An ad on my facebook says "don't be THAT girl". Its like it knows.
Just ate lunch with a paperclip again. Seriously, need to invest in plastic forks.
i told her my name was noah and she leans in and whispers "that makes me so wet." ive never been more thankful for the Notebook
He's drunk and putting on a tie for the jimmy john's delivery guy
There is no way I'm taking advice from somone who's idea of a balanced diet consists of vodka and lemon detox juice
Just for future reference: milk is NOT a good mixer no matter how drunk you are.
by the end of the night two people were passed out at the table, three on the couches, and one in the bathroom. it looked like someone pumped sleeping gas into the middle of a dinner party.
I mean you can't really blame him. He's named after whiskey and I don't get along with pants.
Dave used his AAA card to get my car towed to my house so I could get drunk. Evil genius.
she asked me where ive been her entire life and the guy in the room next to us yelled "with other women bitch!"

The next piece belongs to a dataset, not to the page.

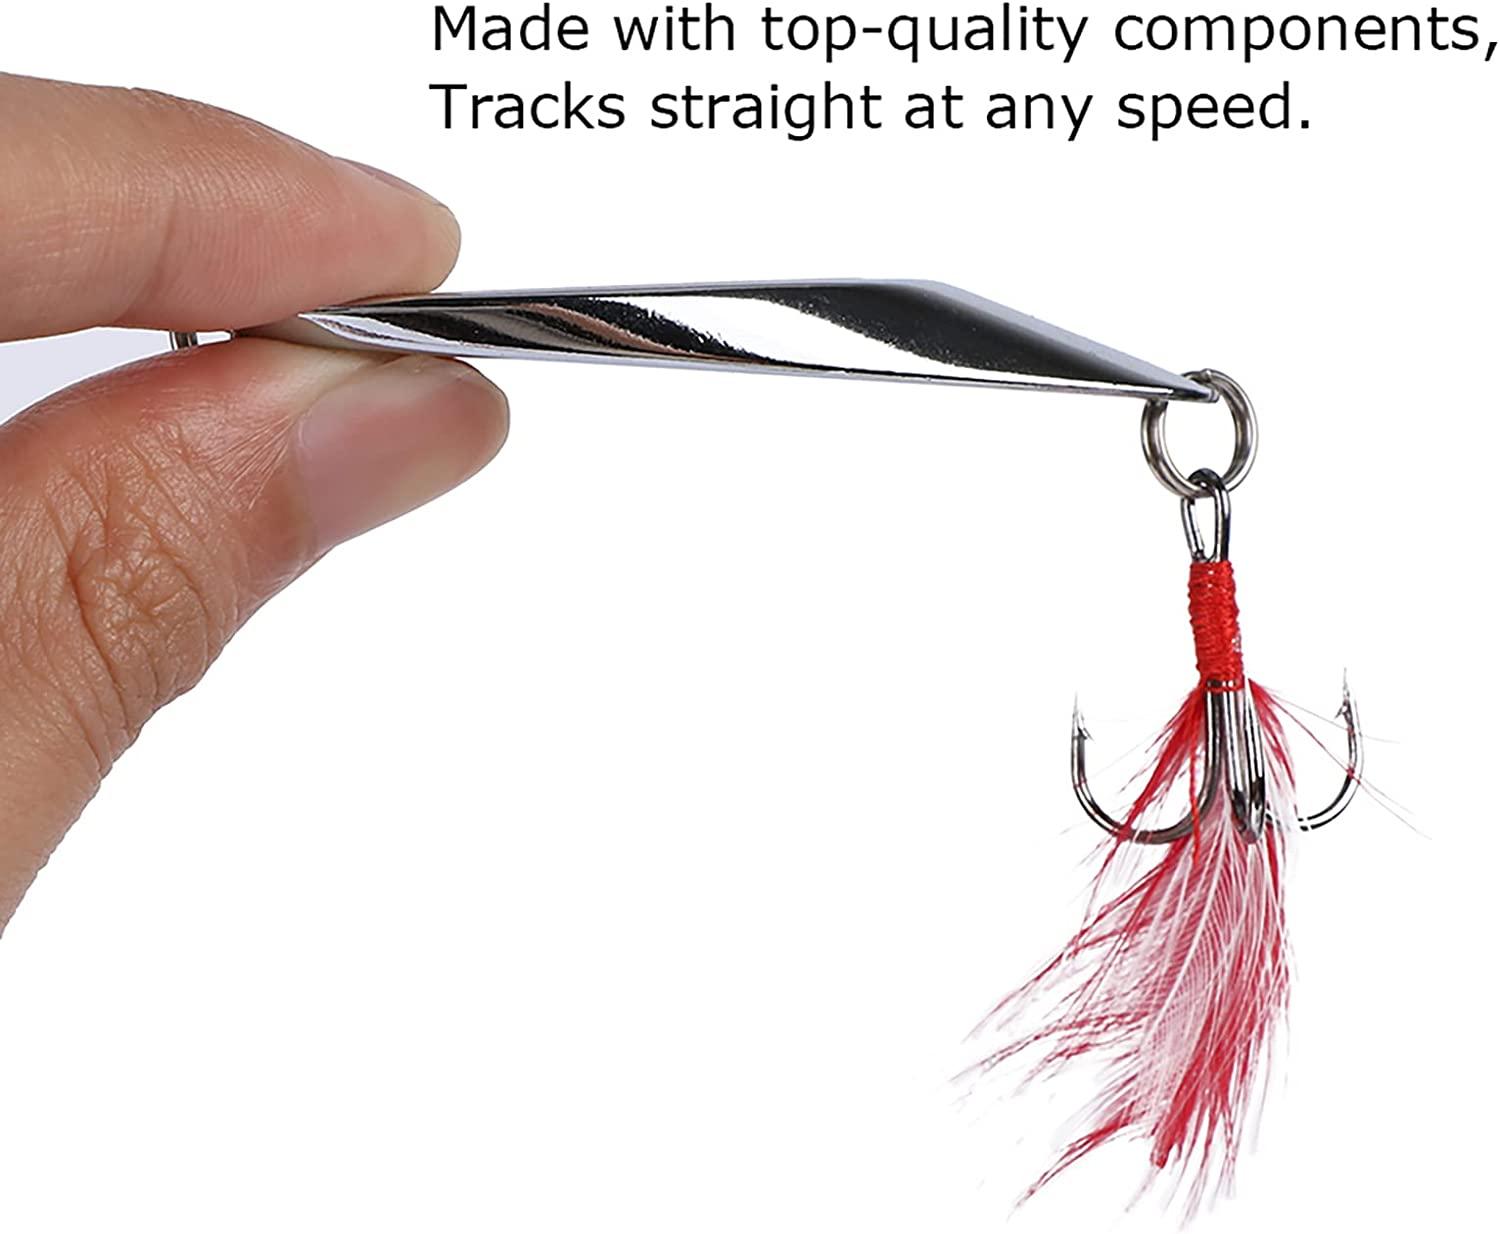 Goture Fishing Spoon Lure Reflective Fishing Jigs Fishing Lures for Panfish, Sunfish, Bluegill, Walleye, Crappie, Pike TroutBass, Size: A-3CM-0.1OZ-5(
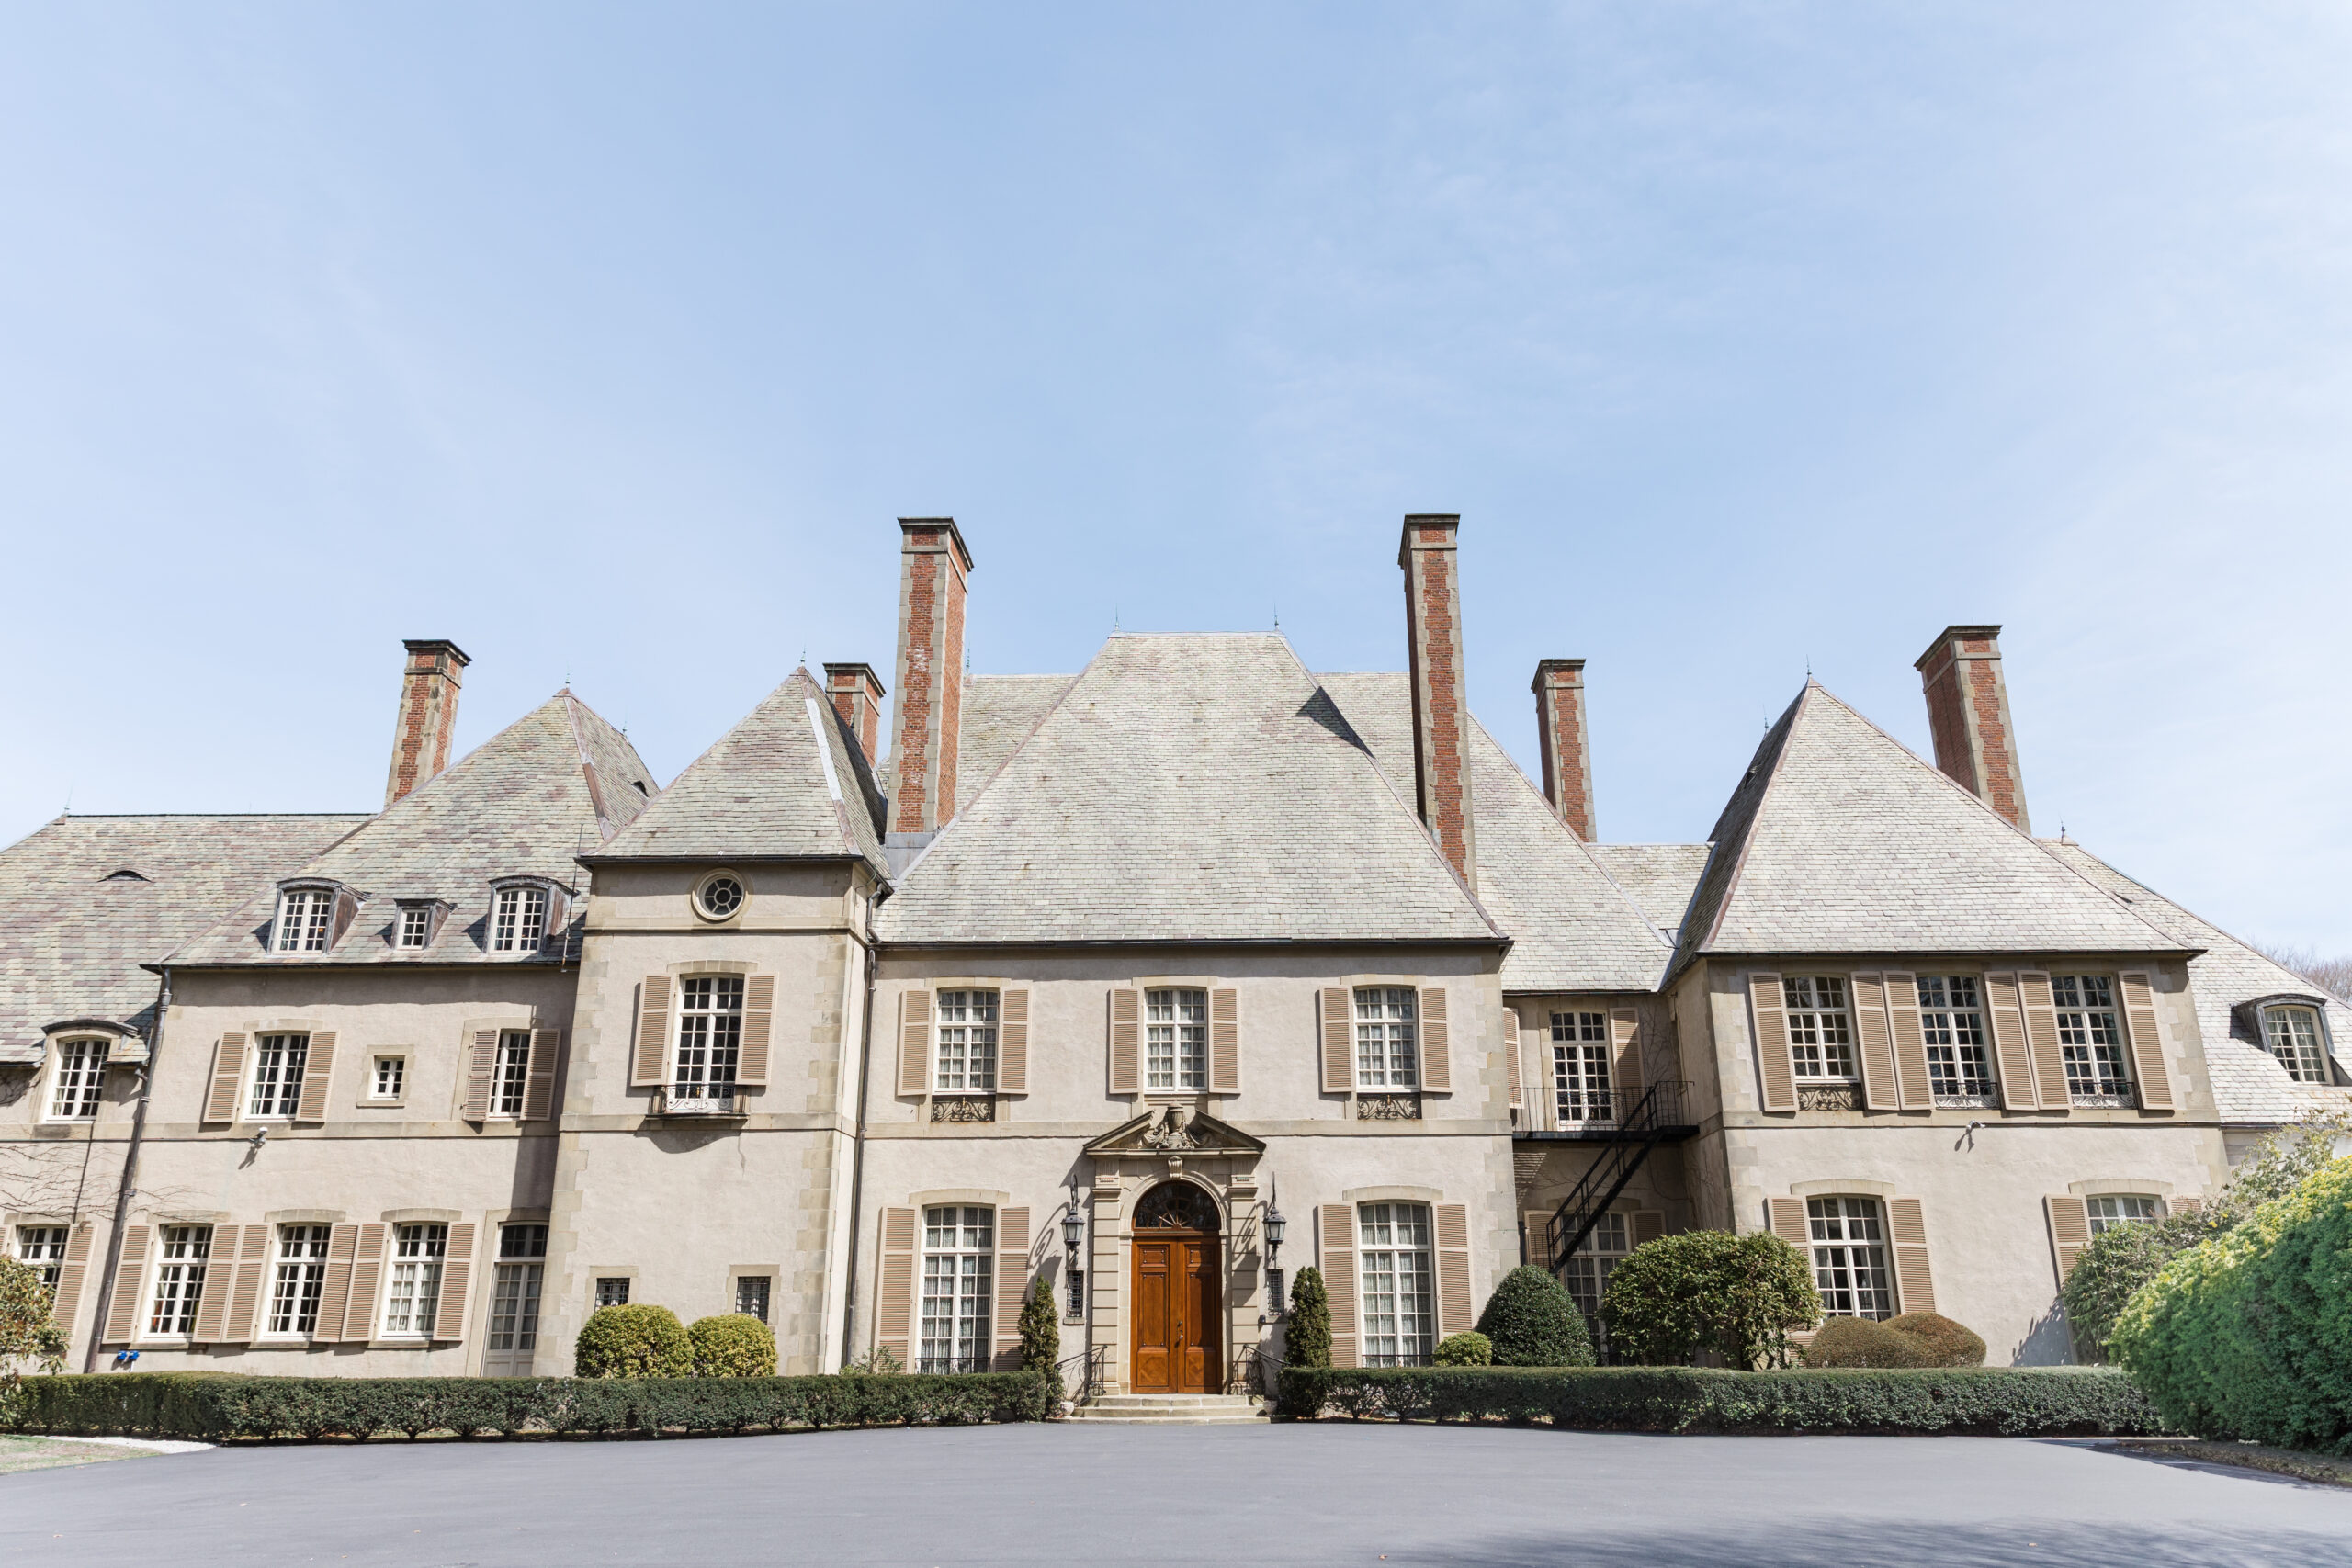 Glen Manor House is a historical mansion that serves as a wedding venue to couples in Rhode Island who are seeking a romantic setting for their wedding.

No later than 4:00 ok - I'm tying my viagra high into a superbowl halftime showstopper. Ya, you might wanna look away for that
haha all our friends are at the carnival and I'm on stage dry humping a 40 year old
I'm gonna snort this pill I found on the ground cause that's how classy I am. Watch football and eat Beef jerky. Domesticated at its finest.
New rule. If he's too busy to put the "H" in "what" then I'm too busy to put his D in me.
Omg no hes gotta go down on me. Then itll be like my vagina has kissed the stanley cup.